From this event, we can understand the following:

• A PATCH request was executed against a specific Entry in the master environment.
• The operation was performed by a specific user (id: ****).
• The response code is 200, indicating the update was successfully applied.

In other words, this event represents "a specific user edited an entry and it completed successfully." Operationally, this can be used to track who edited which entry and when.

Events During Errors

There are also cases where non-successful response codes are recorded. Below is an example where http_response.code is 500.

			
			{
  "activity_name": "Update",
  "time": "2025-07-15 23:04:09.831",
  "actor": {
    "type": "User",
    "id": "****"
  },
  "http_request": {
    "http_method": "PATCH",
    "url": {
      "path": "/spaces/****/environments/master/entries/****"
    }
  },
  "http_response": {
    "code": 500
  }
}

		

In this case, the user attempted to update an entry, but an error occurred on the server side. From an auditing perspective, you can confirm who caused the error, which resource it affected, and when it occurred. From a system operations perspective, monitoring for frequent 500 errors can help detect API issues or signs of invalid requests early.

Checking Event Continuity

When examining Audit logs in detail, you may notice PATCH events recorded at intervals of a few seconds. Below is an example series:

			
			[
  {
    "time": "2025-07-15 23:38:26.390",
    "http_request": { "http_method": "PATCH" },
    "http_response": { "code": 200 }
  },
  {
    "time": "2025-07-15 23:38:40.624",
    "http_request": { "http_method": "PATCH" },
    "http_response": { "code": 200 }
  },
  {
    "time": "2025-07-15 23:38:47.120",
    "http_request": { "http_method": "PATCH" },
    "http_response": { "code": 200 }
  }
]

		

Such sequential records may indicate that multiple PATCH operations occur when saving edits from the management console. During audits or investigations, these should be interpreted as "a single set of update operations" rather than individual operations. Especially when investigating unauthorized access or operational mistakes, it's important to consider the temporal continuity of events rather than examining them in isolation.## Features and Operational Considerations Based on Actual Verification

After examining Contentful's Audit logs in practice, several features and operational points became apparent.

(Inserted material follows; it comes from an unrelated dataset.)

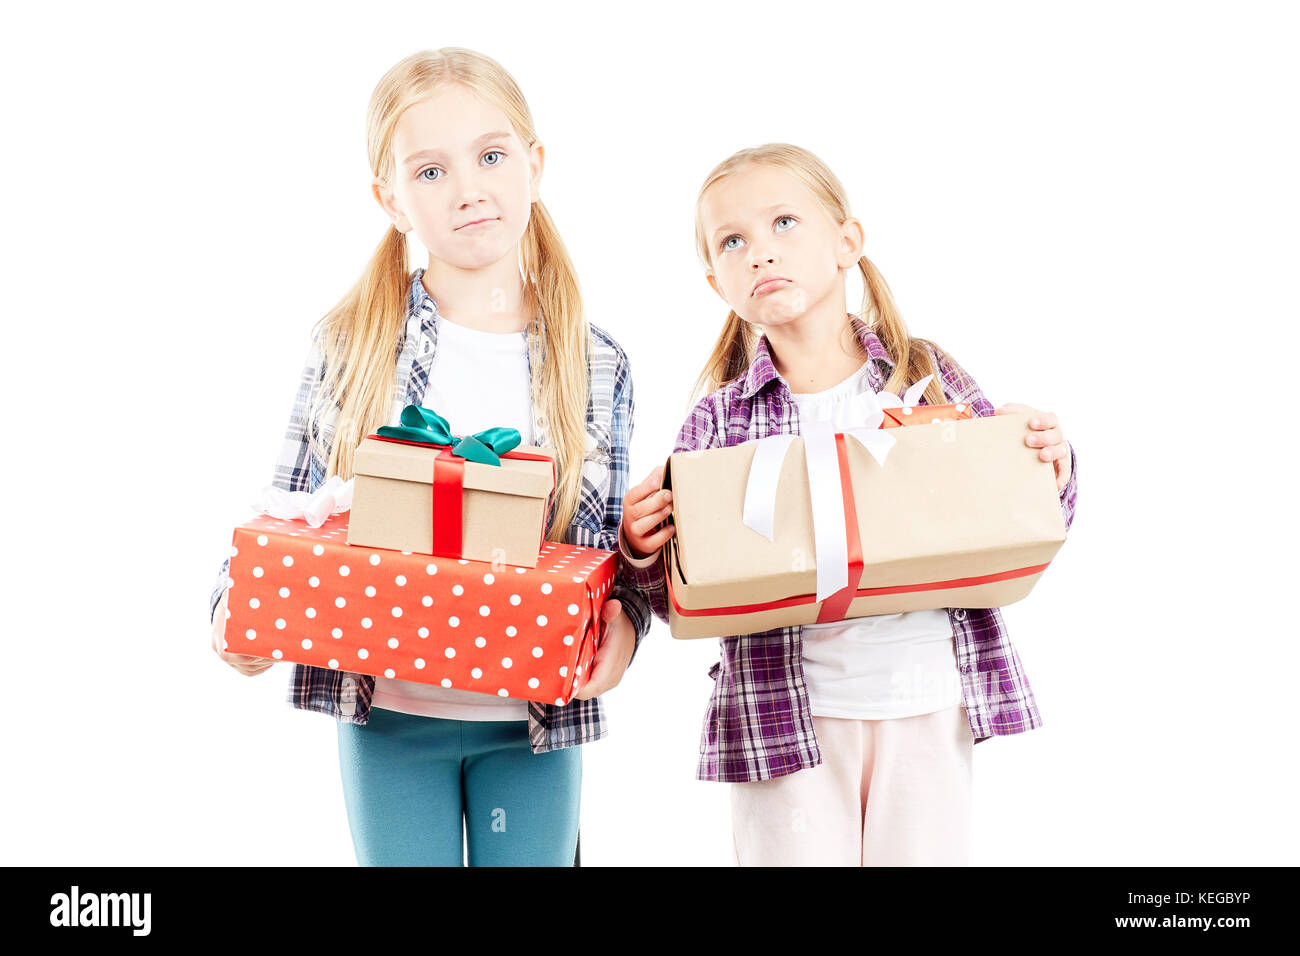 Sisters with Christmas gifts Stock Photo

• Update events are recorded multiple times
  Even for a single entry update, multiple PATCH events may be output consecutively. For auditing purposes, it's important to interpret these as "groups of operations."

• Pay attention to actor information granularity
  Actors are recorded as either User or App. For API-based operations, the client ID is recorded, so operations must maintain mapping information to track the actual users.

• Error events serve as signals
  500 and 400 series codes are also recorded, allowing you to see who failed on which resource. Monitoring frequency and patterns can help detect signs of unauthorized operations or system malfunctions early.

• Utilizing metadata.uid
  Each event is assigned a unique identifier, making it effective for use as a key when importing into external audit platforms, or for deduplication and chronological organization.

• Understanding log limitations
  Audit logs are specialized for audit trails and not suitable for detailed application debugging. It's practical to focus their use on "tracking unauthorized or erroneous operations."

Summary

Contentful's Audit logs provide a mechanism for detailed recording of operations by users and applications in JSON format, which can be utilized as audit trails. Based on actual verification, the following characteristics were confirmed:

• Operations are recorded clearly showing "who", "when", "which resource", and "what was done"
• Events including errors are recorded, making it possible to identify signs of unauthorized operations or system failures
• Multiple events may be recorded consecutively for the same operation, requiring interpretation in actual operation

On the other hand, Audit logs are primarily for auditing purposes and not suited for debugging or tracking detailed differences. It's important to clearly distinguish their purpose and utilize them as a foundation for auditing and security responses.